Небесные силы считают целиком трансцендентными, особенно непосвященные: эти силы – всегда внешние по отношению к человеку, хотя в загробной жизни он может занимать равный им ранг и место. Но наряду с этой традицией существует традиция имманентности, согласно которой небесная иерархия отражена в глубине человеческого существа, так что он может отождествиться с любым ее порядком – или сразу со всеми[24]. Посмотрим, например, на японских ками («то, что наверху») – духов гор, ветров, деревьев, рек, моря, солнца, луны, звезд и т. д. до бесконечности. Хирата[25] молился им каждое утро: «Сначала благоговейно почтив великого Бога двух дворцов Исэ (богиню Солнца), 800 мириад небесных ками, 800 мириад ками-предков, все 1500 мириад, к которым устремляются большие и малые храмы… Я с трепетом молю, чтобы они соизволили исправить мои невольные прегрешения, виденные и слышанные ими, и, даровав мне благословение и поддержку в меру сил, которыми владеет каждый из них, побудили меня следовать божественному примеру и творить на своем пути добрые дела». Здесь нет и намека на имманентность. Однако Мунетада[26], современник Хираты, считал, что он может в созерцании постигать истинные отношения ками и человека, и что он сам может стать одним из них. Бунджиро[27] утверждал, что одержим богом. Стоит сказать, что существует важное отличие между типом личности, который просит высшие силы о вмешательстве и переживает его, и типом, который активно ищет единства с ними. Буддийский монах, который повторяет «Аум мани падме хум», – пример второго типа: эти шесть слогов символизируют шесть классов живых существ – богов, полубогов, людей, животных, промежуточных существ, обитателей ада, – с которыми он по очереди отождествляется, пока не вместит их все.

Демоны позднего иудаизма и христианства в какой‑то мере были вариантами языческих богов См Robertson Smith, The Religion of the Semites, p. 121.

(iii) Семитская вера

У древних семитов демоны, или джинны, играли гораздо более заметную роль, чем ангелы, или боги, а развитие ангелологии, отличающейся от царства джиннов и уравновешивающей ее, произошло довольно поздно. В ветхозаветном учении об ангелах выделяют три этапа[28]. (1) «Сыны Божьи» – сверхъестественные существа, прислуживающие Яхве на небесах, его советники и придворные: иногда их отождествляют со звездами[29]. (2) «Ангел богоявления» – особый посланник Яхве, который почти не отличим от аспекта или внешнего облика самого Яхве[30]. (3) «Божьи посланники» отличаются от ангела богоявления тем, что совсем не похожи на Божество: их роль – прославлять Бога, следить, чтобы божественная воля исполнялась на земле, защищать хороших людей[31] и вершить правосудие над неправедными.

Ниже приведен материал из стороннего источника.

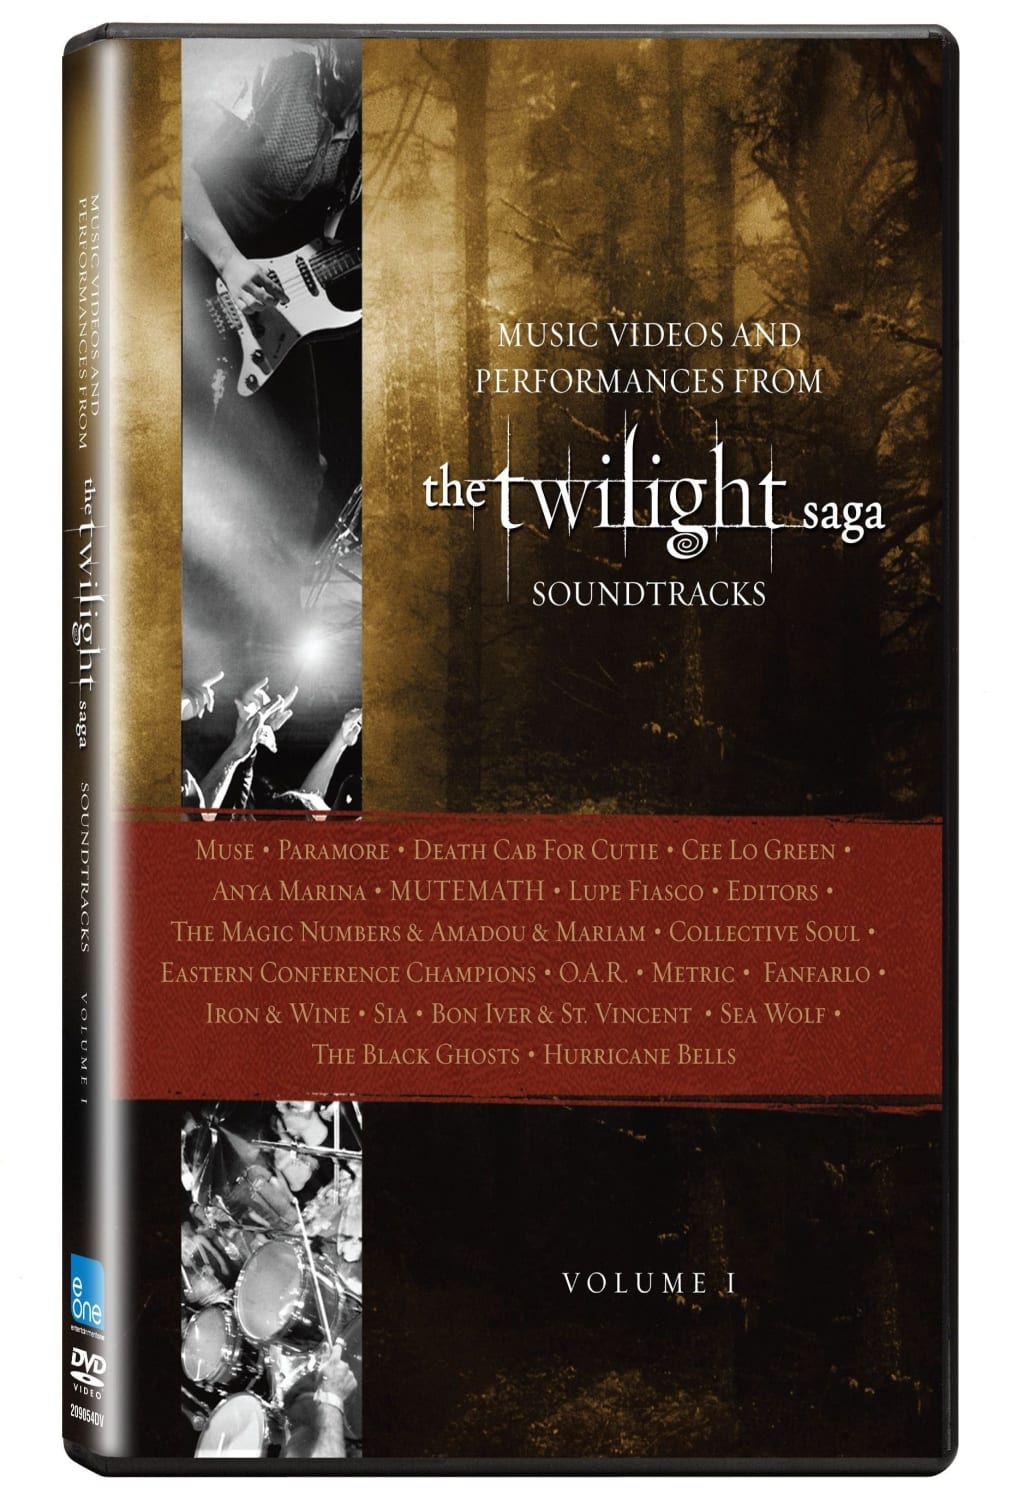 The Twilight Saga: Music Videos and Performances from the Soundtracks, Volume One (DVD)
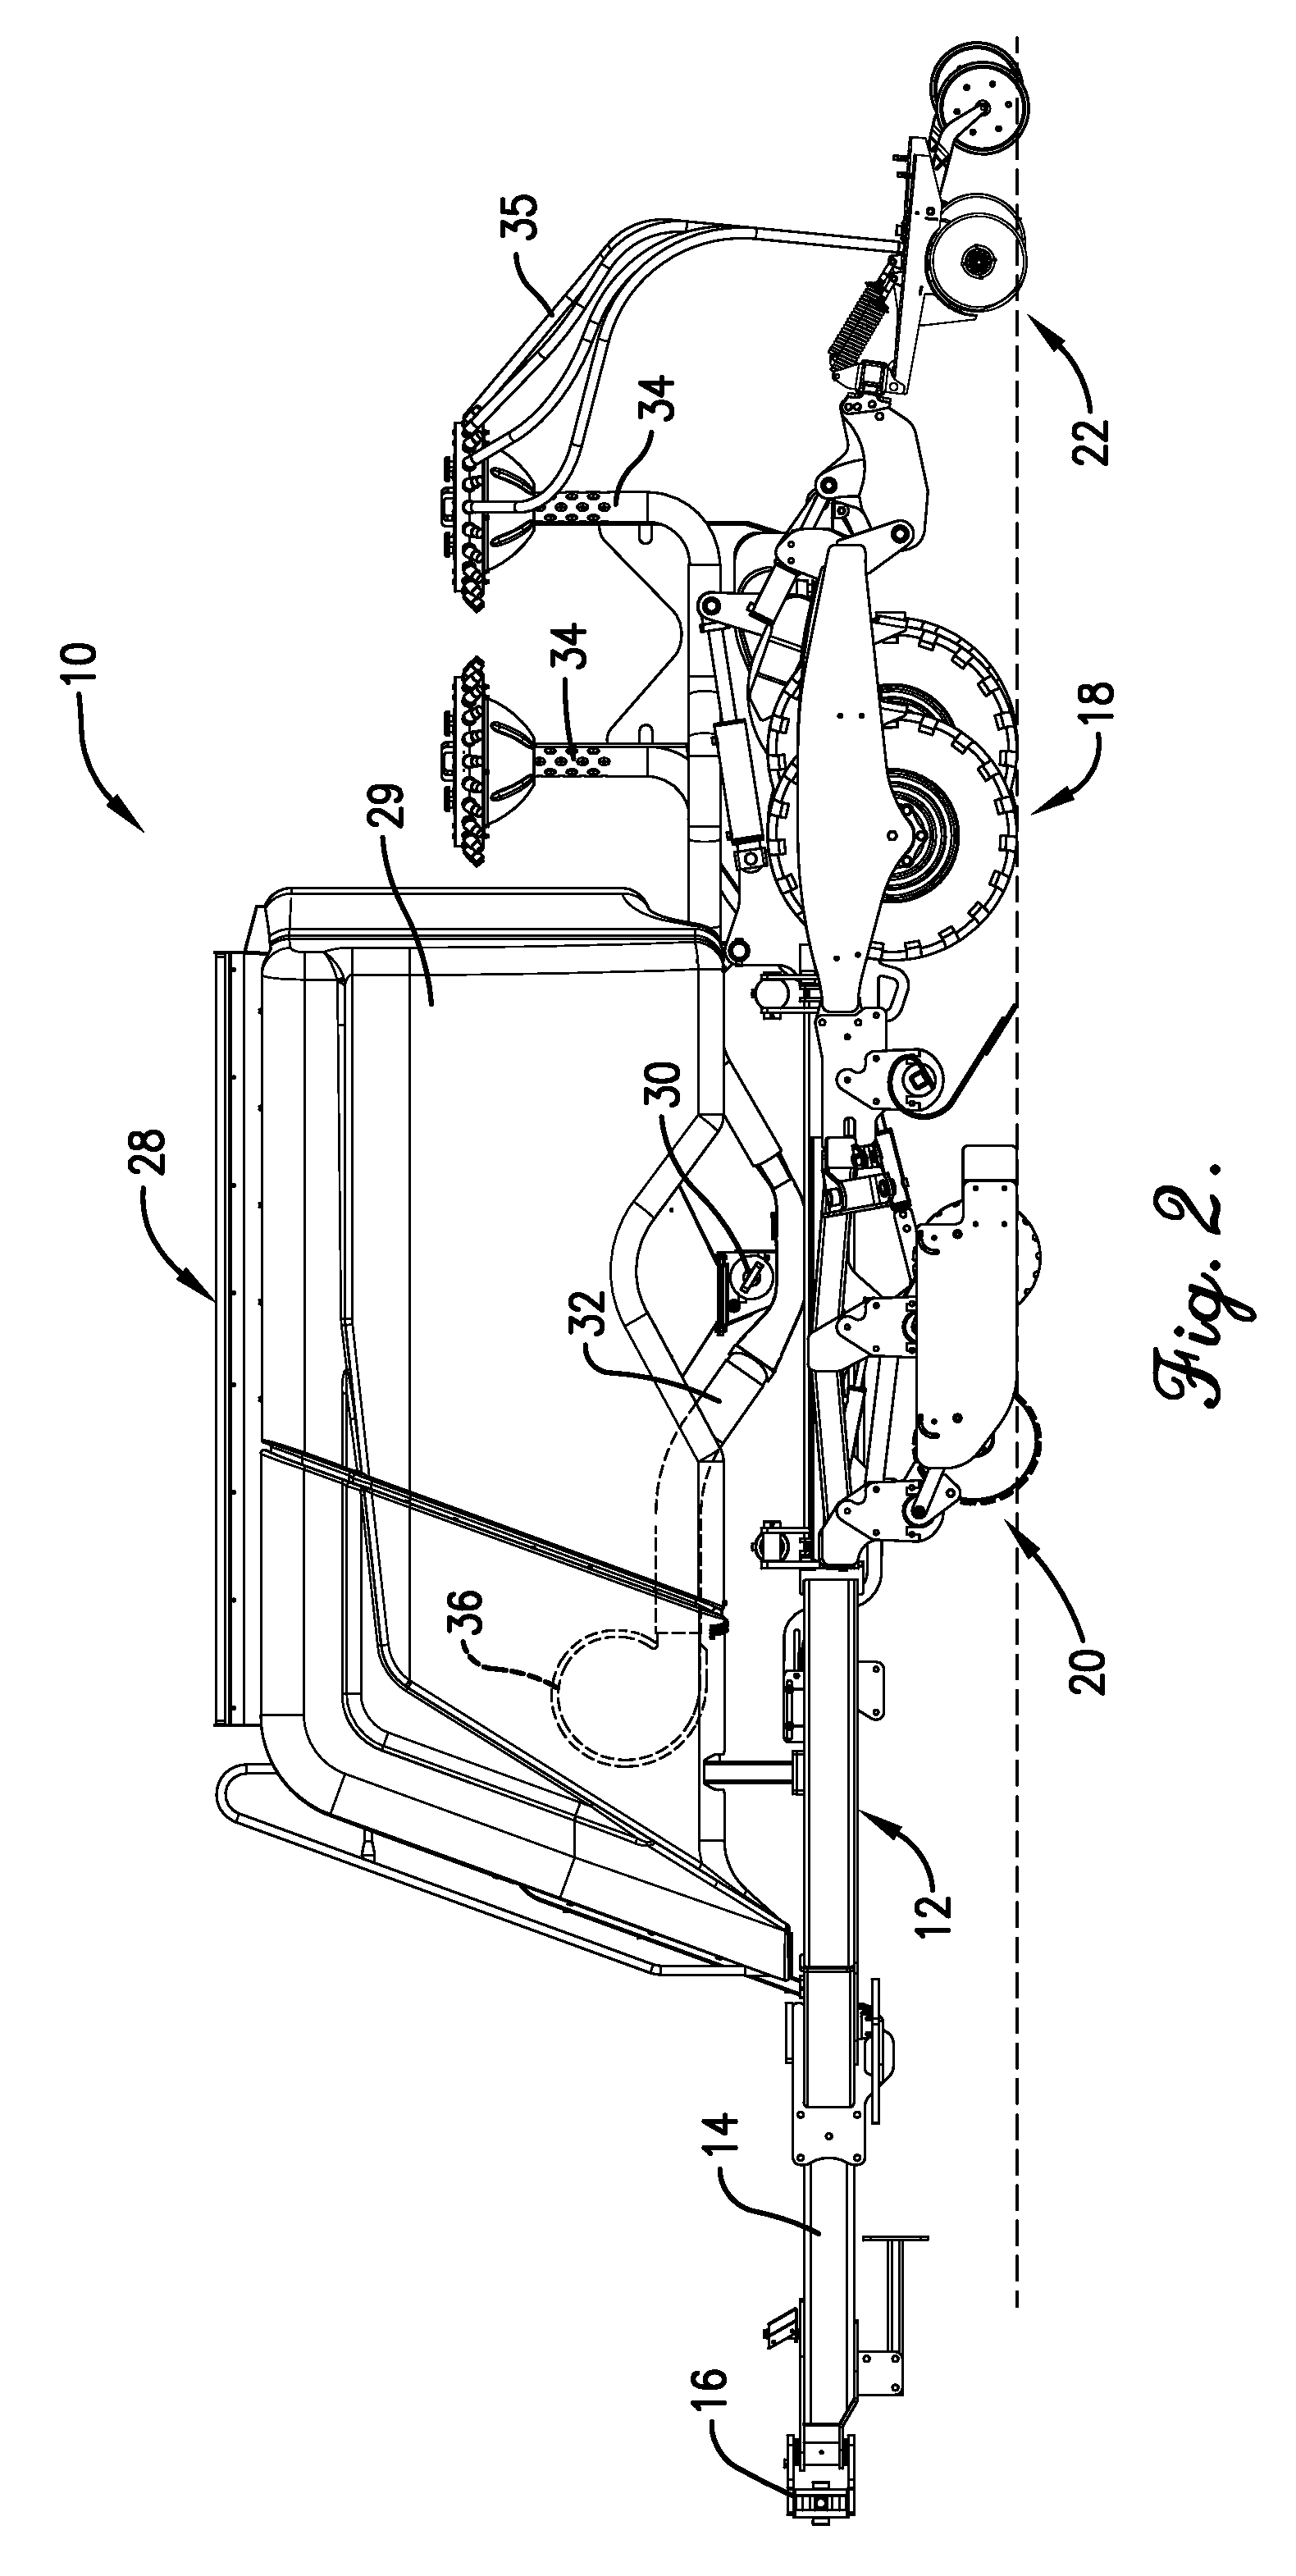 Agricultural implement having hopper weighing system

Едкий комментарий Д. X. Лоуренса о том, что еврейские ангелы были полицейскими и почтальонами, во многом оправдан[32]. Не будучи вездесущими, они превосходно умеют совершать полеты между небом и землей, где наделены большой властью, хотя и делегированной свыше. Хотя ангелы в высшей степени добры и мудры, они в основном выглядят как люди. Исключение составляют херувимы и серафимы. Первые сходны с грифонами и грозовыми облаками и составляют колеса Божьей колесницы-престола в видении Иезекииля[33]. Серафимы напоминают демонов-змеев, повышенных до ранга ангелов, где они, как правило, сохраняют свою змеиную форму: вероятно, это один из примеров «обращения регионов».

Здесь мы видим две тенденции: к разделению ангелов на статичных индивидов и чины, и к объединению их в единый динамический процесс, объединяющий все уровни. Так, ангелов, о которых говорит Филон, недостаточно: реальный посредник между Богом и человеком – Логос: менее личностная и раздробленная действующая сила, однако страдающая от абстрактности. Тем не менее автор четвертого Евангелия отождествляет Логос с Христом, Силой и Мудростью Бога. Он становится космическим принципом, деятелем внутри творения, хранителем мира. Ср. Gore, The Reconstruction of Belief, pp. 378 ff; and Inge, God and the Astronomers, p. 267.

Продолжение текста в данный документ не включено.